Un cuadro hábilmente construido... Juan Christow o intrigas amorosas con enfermeras del hospital... las oportunidades de la vida de un médico... razones de sobra para celos de Gerda que habían culminado por fin en un asesinato.
Sí; un cuadro hábilmente sugerido, concretando la atención en el ambiente de Harley Street... lejos de The Hollow, lejos del momento en que Enriqueta Savernake, dando un paso hacia delante, le había quitado el revólver a Gerda Christow. Y lejos de aquel otro momento en que Juan, moribundo, había dicho: Enriqueta.

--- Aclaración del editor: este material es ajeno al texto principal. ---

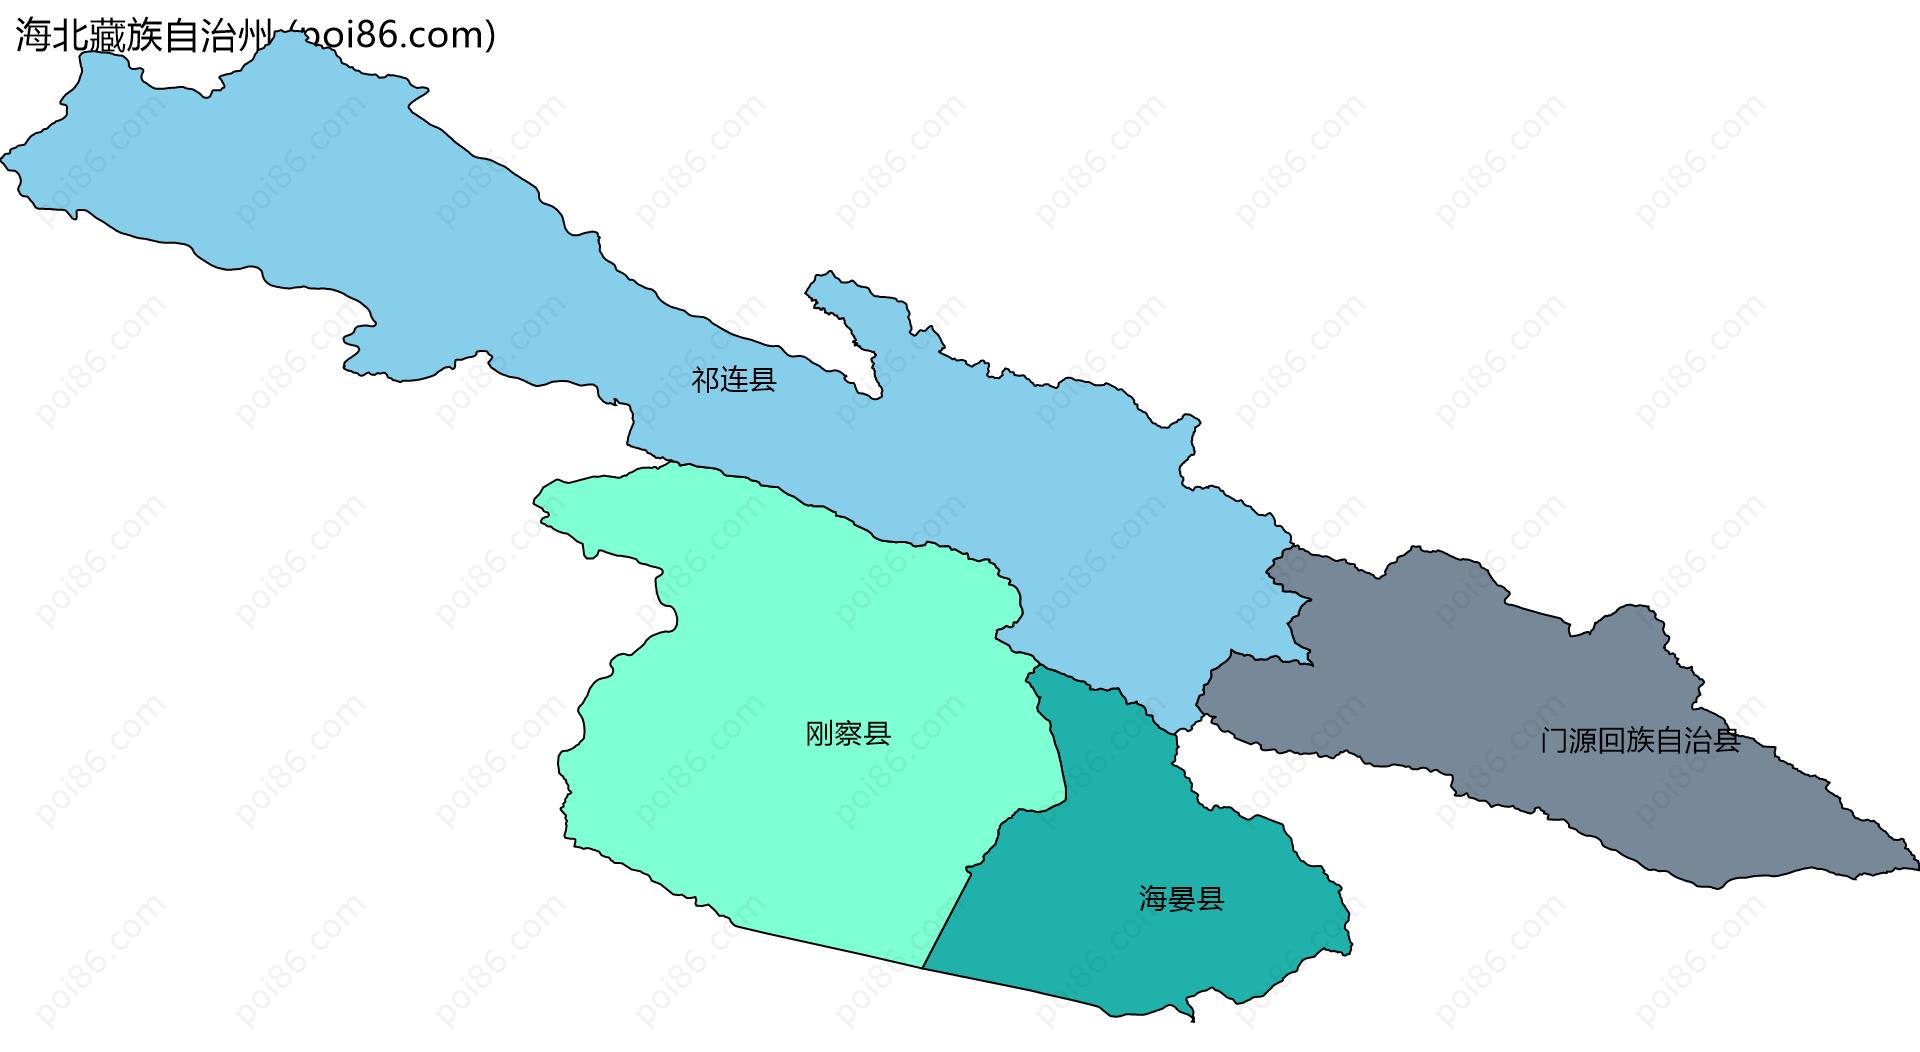 海北藏族自治州边界地图

Abriendo de pronto los ojos que había tenido entornados, Hércules Poirot preguntó con irresistible curiosidad:
—¿Juegan sus hijos con un Meccano?
—¿Eh? ¿Cómo? —el inspector salió de su momentáneo ensimismamiento y miró boquiabierto a Poirot—. Pero, ¿qué diantre...? Si quiere que le diga la verdad, son un poco pequeños..., pero estaba pensando en regalarle a Eduardito un Meccano para la festividad de Nochebuena. ¿Por qué lo pregunta?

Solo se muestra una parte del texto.